El bautismo de Jesús da sentido a la vocación y misión del bautizado. Inicia por tanto el envío. Después del domingo seguirán a lo largo de la semana, al hilo de los textos de Marcos, llamadas, curaciones, muestras de perdón, por parte de Jesús. Estaría bien que pensáramos a la luz de estos textos, los pasos vacilantes que emprendemos, con más o menos temor al comienzo de este año. Porque si el bautismo es misión y hemos sido bautizados, esto significa que estamos, también nosotros, bajo el clamor de esa voz que dice: “este es mi hijo”, y como tal nos reconocemos, en el nombre que con el bautismo hemos recibido. Porque el bautismo, la inmersión, el despeje del horizonte de envío y misión son paralelos al descubrimiento del nombre: fulgor misterioso que encierra ese sabernos llamados en la escucha atenta y dispuesta.

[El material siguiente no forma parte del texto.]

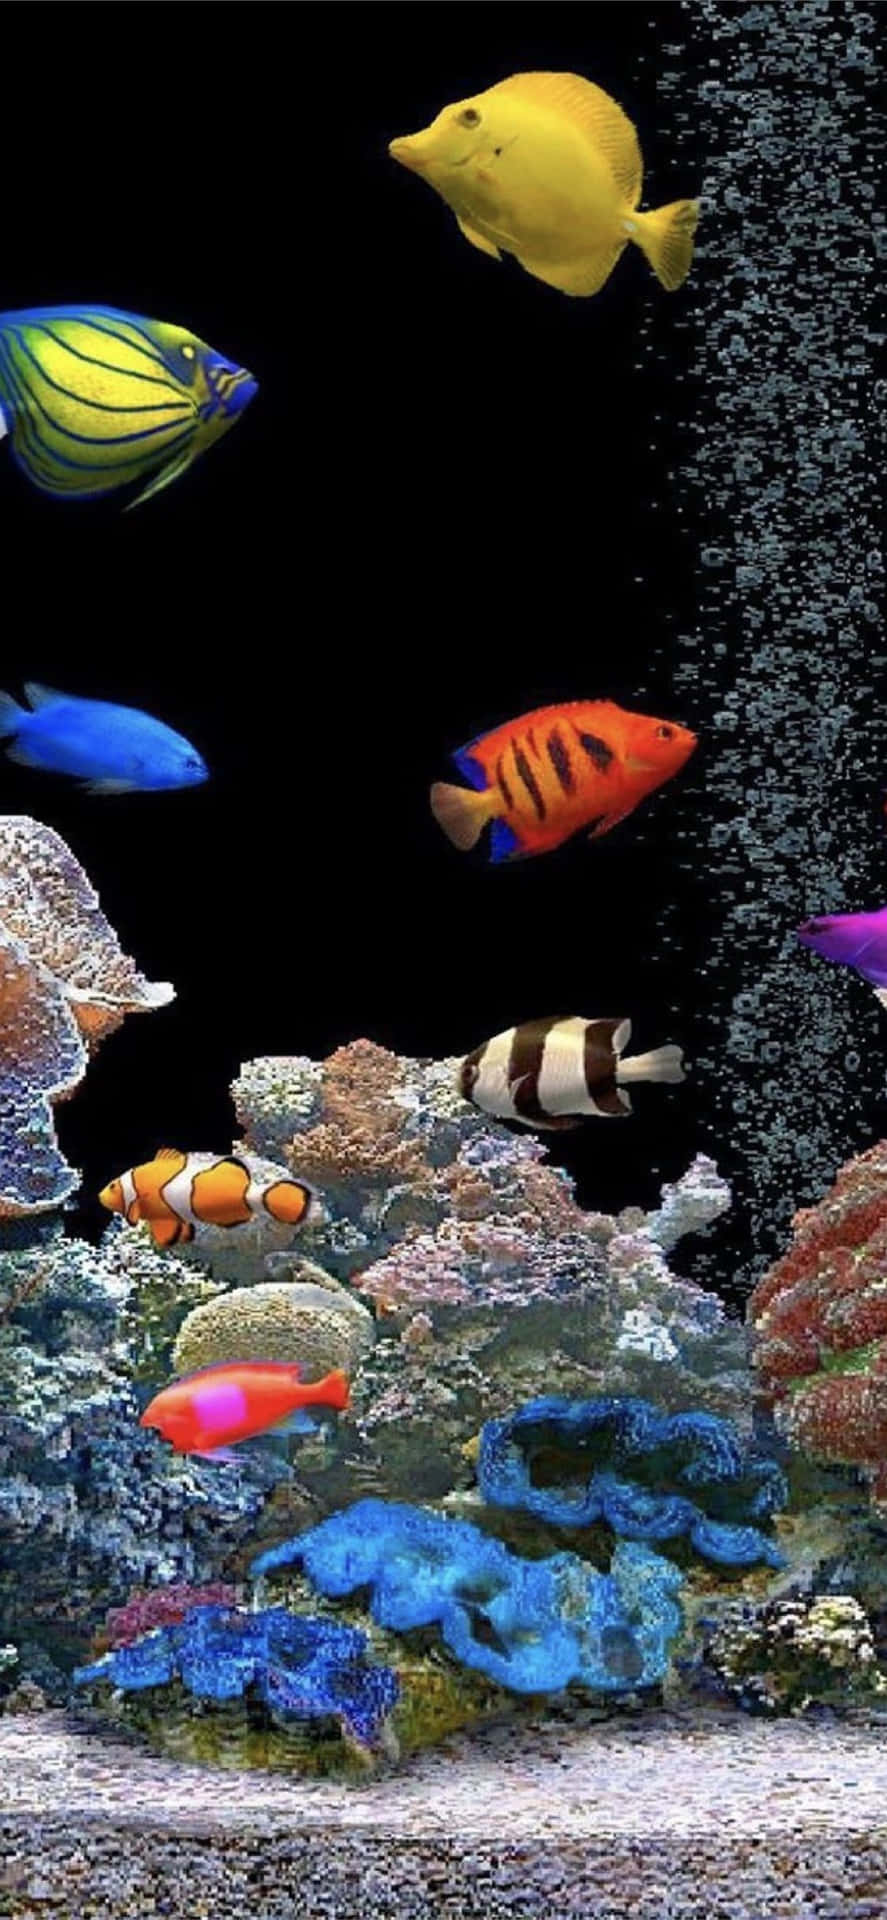 Genießeden Entspannenden Anblick Eines Faszinierenden Aquariums. Wallpaper
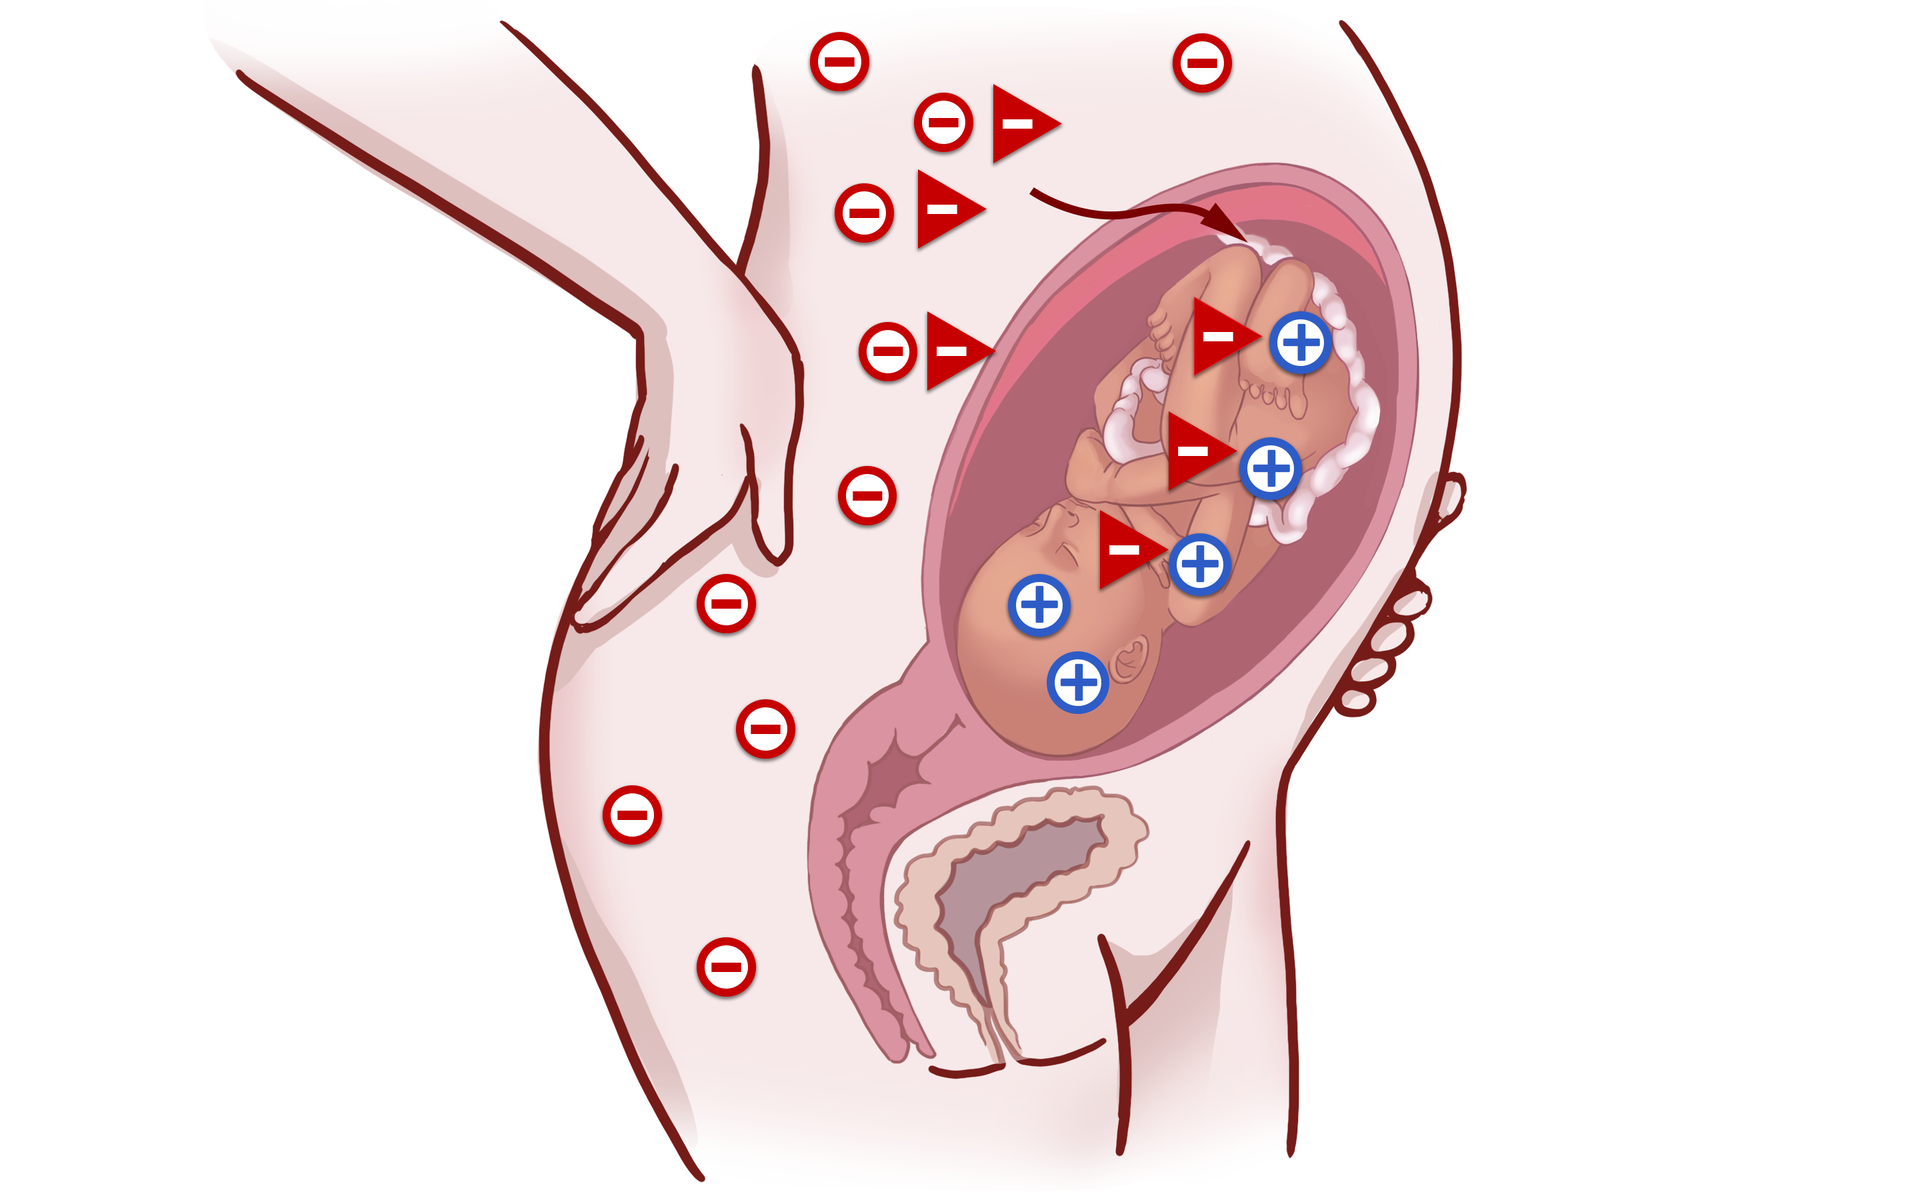 Grafika przedstawia przekrój ciała kobietę w ciąży. Na jej ciele widoczne są minusy, sygnalizujące grupę krwi Rh-. Natomiast płód posiada grupę krwi Rh+, sygnalizowaną przez plusy na jego ciele. Dochodzi do kontaktu krwi matki z krwią płodu, co powoduje wytworzenie we krwi matki przeciwciał anty‑D. Przeciwciała te łączą się z erytocytami płodu, przez co dochodzi do aglutynacji krwi.
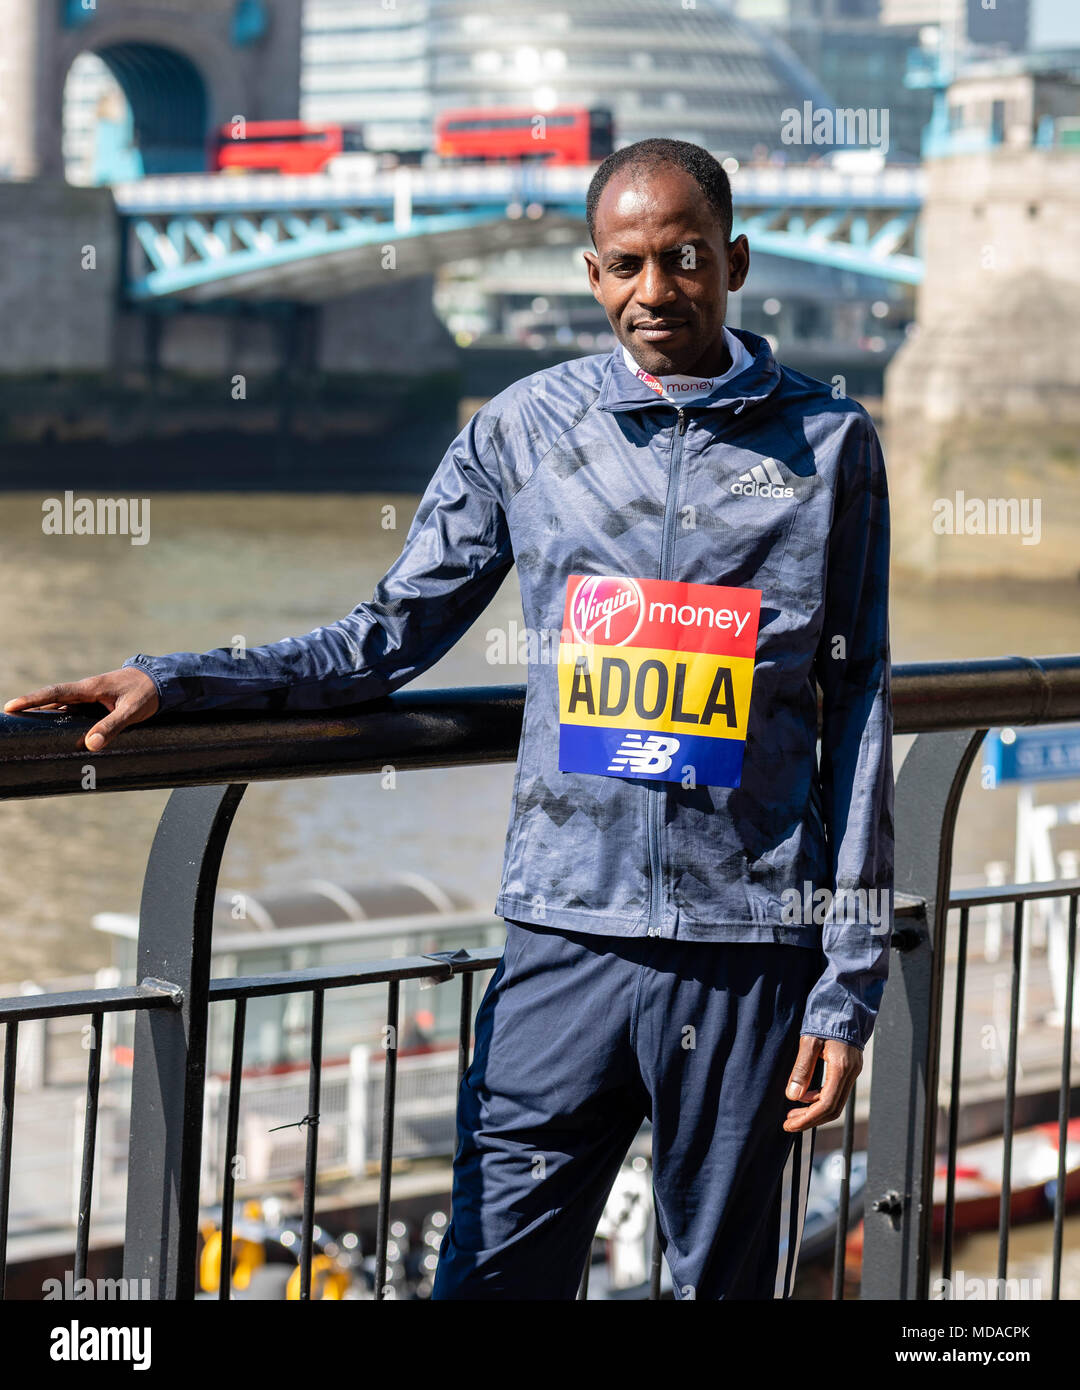 Londra, Regno Unito. 19 aprile 2018, Londra, Regno Unito. Maratona, Uomini Elite Guye Adola (Etiopia, Credito: Ian Davidson/Alamy Live News Foto Stock
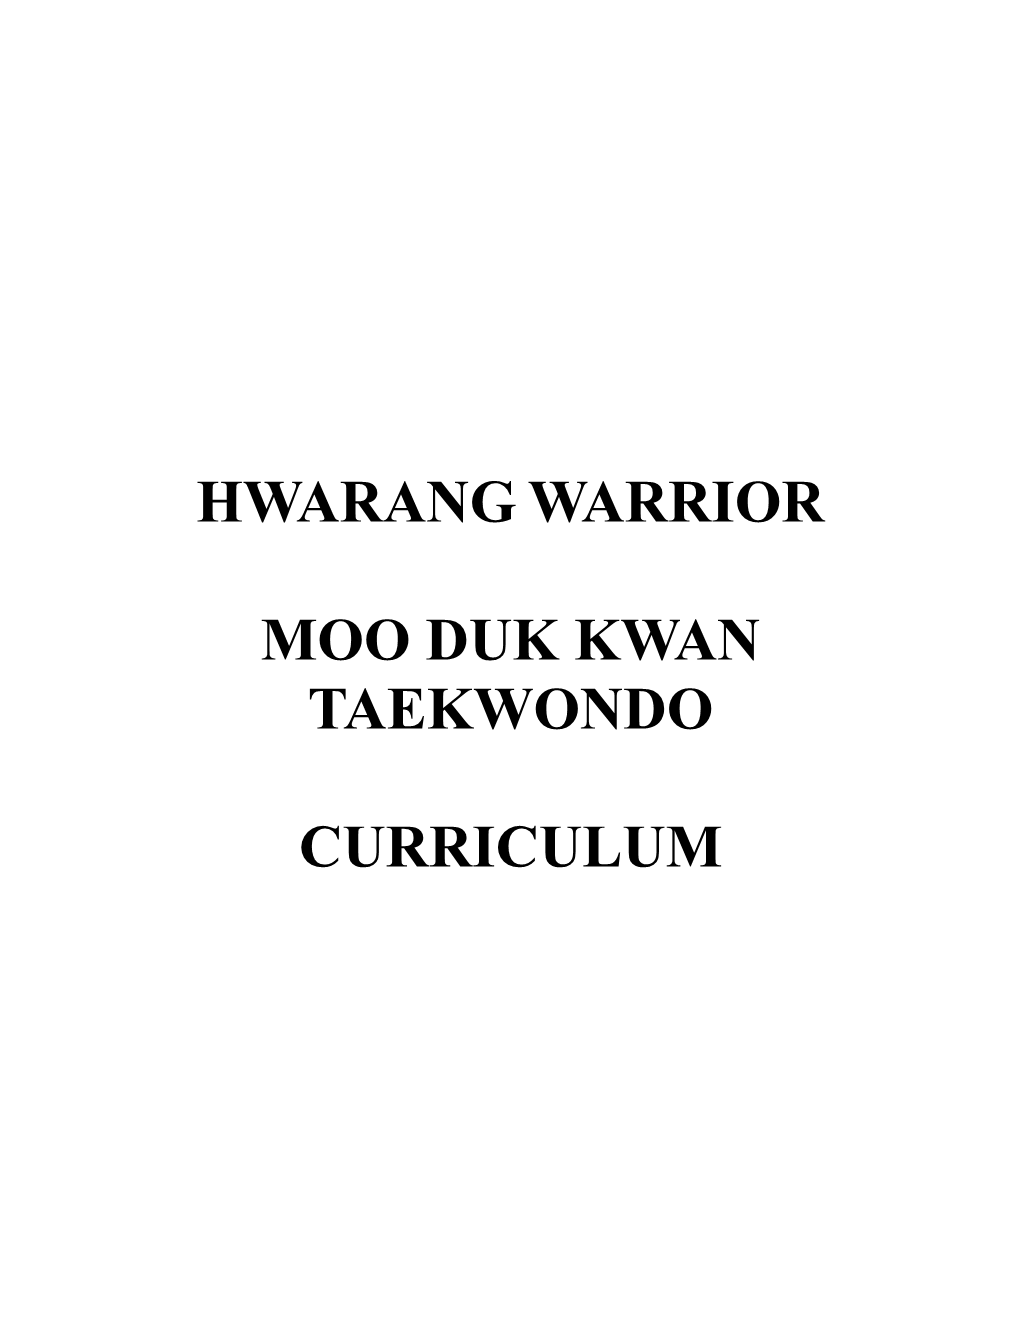 Hwarang Warrior Moo Duk Kwan Taekwondo Curriculum

Algo bien distinto de ideologías, partidos, o colectivos del orden que sea que pretendan absorbernos y deshumanizarnos bajo pretexto de libertades que nos salven de la confusión. A nadie se le oculta ya esta deriva hacia la desesperanza y el miedo, que más o menos solapadamente, con intención declarada o con astucia mezquina va prendiendo en nuestra sociedad, a expensas de la pandemia, a nivel planetario (o global). Algo insidioso nos debilita, y no es el covid, sino la estupidez, el miedo, la negligencia, la superficialidad, esa tendencia a encapsularse frente a cualquier amenza, ese afán de hacer soportable el mal, a toda costa, es decir de banalizarlo (que no remediarlo), como ya denunciara H.Arendt al final de la segunda guerra. Una deriva que no deja de ser, sin embargo, culpable. Hace

mucho que el “yo no sabía”, ha dejado de tener credibilidad (“¿Cuando te vimos enfermo, desnudo, en la cárcel, extranjero, etc.?” Mt 25, 31-46) Porque en realidad no queremos ver ni saber, buscamos coartadas emocionales y justificaciones racionales a nuestra indiferencia, eludimos responsabilidades, sobre todo cuando sufrimos (y al parecer ahora sufrimos más que antes), lo que deseamos es anestesia para el dolor y la conciencia.

Pocos se desnudan y se meten en el río de barro que atraviesa nuestras sociedades desleídas para dejarse bautizar, interpelar, empujar, y romper. Pocos se atreven a oir la voz que les dice “tú eres mi hijo”, pocos se disponen a la andadura despojada del Reino que conduce al fulgor del nombre. La revelación del nombre, siempre mesiánica, siempre misionera, siempre arrebatadora. Pero es más fácil sucumbir al hechizo, dejarse devorar por la anomia, mil circunstancias ratificarán y disculparán ese tiempo perdido… Cuando pase esto, decíamos hace 10 meses, volveremos a abrazarnos y seremos mejores, pero como no pasa, sino que se arrastra como una muerte lenta y cronificadora de desidia, entre faks news, bulos y miedos, seguimos perdiendo el tiempo, todavía no nos dejamos llamar hijos, ni osamos escuchar la buena nueva, la verdadera noticia (evangelio) que nos revela el fulgor del nombre y la alegría del envío.

Seguir la estrella, en el extravío de la noche del mundo, llegar a la casa de Belén, al desvalimiento del niño, del extranjero, del sinhogar, adorarlo en toda su pobreza, y luego volver a salir… Epifanía, bautismo y misión: esta es la revelación que corona el ciclo de Navidad, que ayer se cerraba, para iniciar el advenimiento vigoroso, atrevido, esperanzado, de la siembra del Reino.